Star Tribune Editorial

Watch the trend lines on children's well-being.

Five years ago, the respected annual Kids Count assessment of children's well-being ranked Minnesota the second-best place to grow up among the 50 states. The latest edition, released last week by the Annie E. Casey Foundation, puts Minnesota in fourth place.

We'll leave for politicians to point out that Minnesota is still scored as a better place to grow up than 46 other states. (That's bound to be how these data are greeted by one or more incumbents near you.)

Where Minnesota ranks on a well-documented indicator such as this one is important. But what should be of greater interest, especially in an election year, is the direction of a state's trend lines. That reveals whether or not a state's policies are effective in improving the lot of its children.

On six of the 10 key Kids Count measures, Minnesota's numbers have been moving in the wrong direction since 2000 (see the adjacent list.) In two categories, the wrong-way change has been precipitous: The number of children living in poverty in Minneota is up 22 percent, and the number of teens neither in school nor the workforce is up 50 percent.

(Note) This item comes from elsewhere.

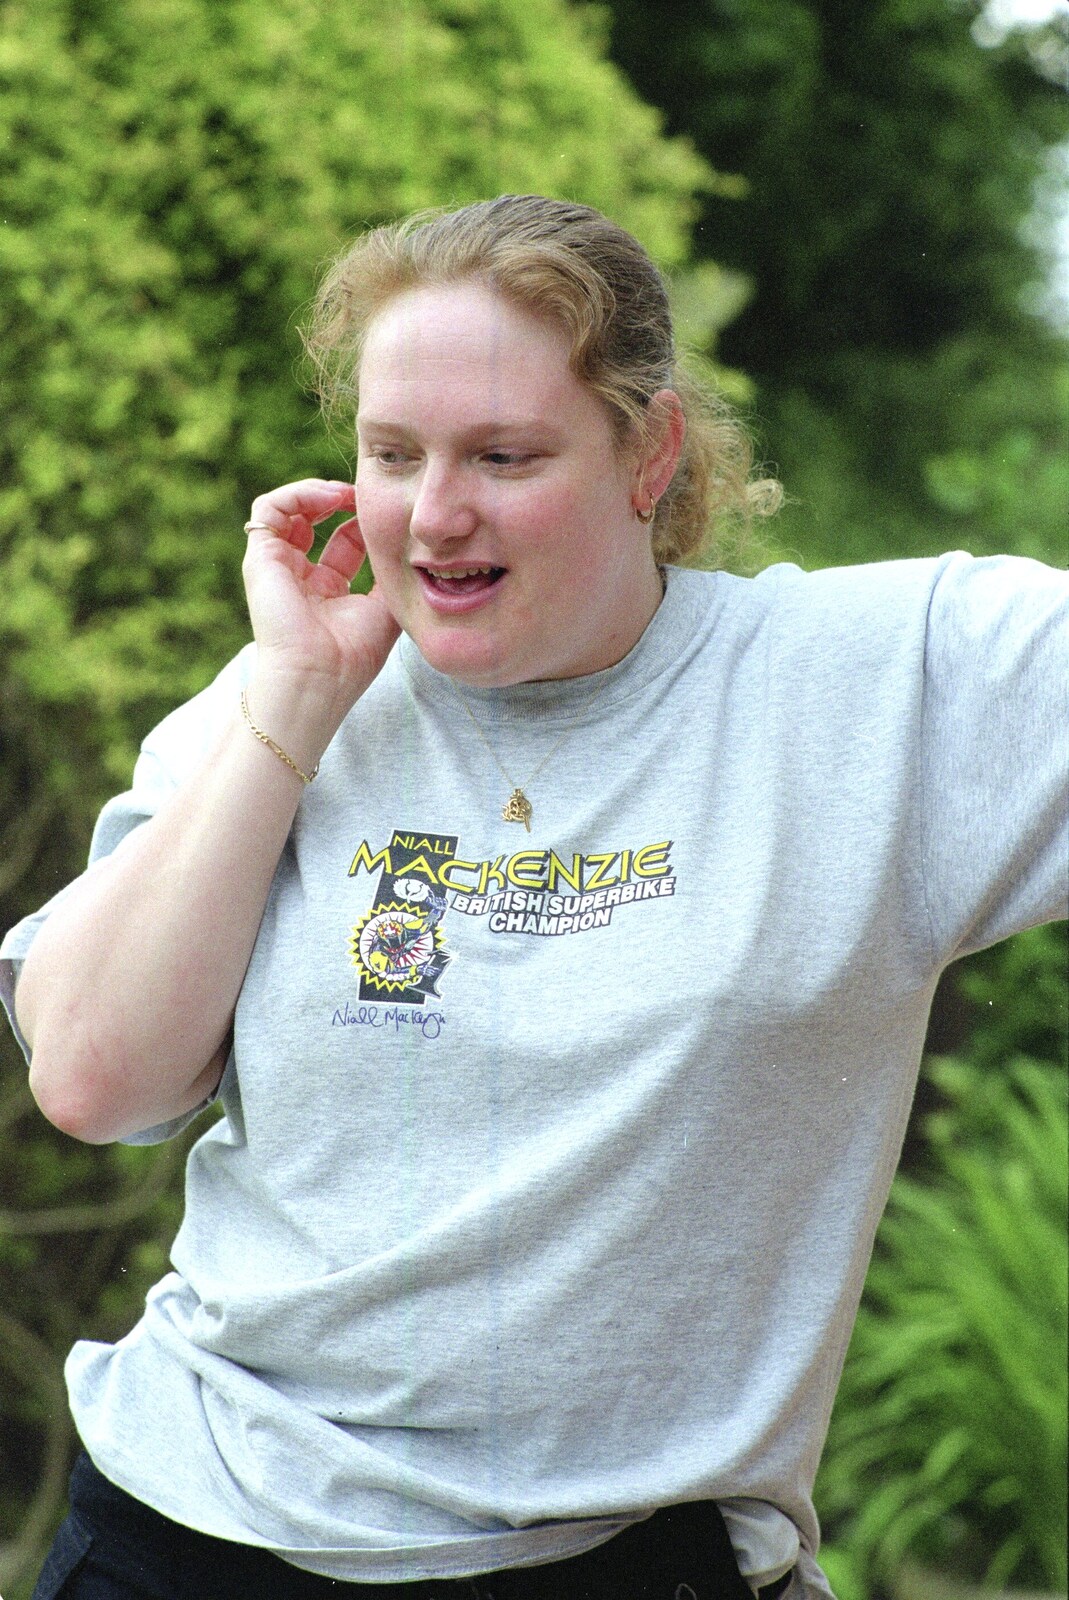 Sally from Colin and Jill's Barbeque, Suffolk - 28th May 2000

To those reasons to be concerned, add a third: In April, Children's Defense Fund Minnesota reported that between 2001 and 2004, the number of uninsured Minnesota children under age six grew by 11,000, or more than 10 per day.

The question that belongs before Minnesota voters this fall isn't where this state has been. It's where Minnesota is headed -- and whether that's the direction voters want their state to go.

The downhill slide since 2000 detected in the Kids Count report coincides with a decline in state investment in education and social services as a percentage of this state's total personal income in the same years. The prosperity that was promised when the Legislature cut taxes in 1999, 2000 and 2001 evidently has not made life better for Minnesota's poor children.

Voters are right to ask this year's candidates for governor and the Legislature how they plan to turn the trend lines back in the right direction.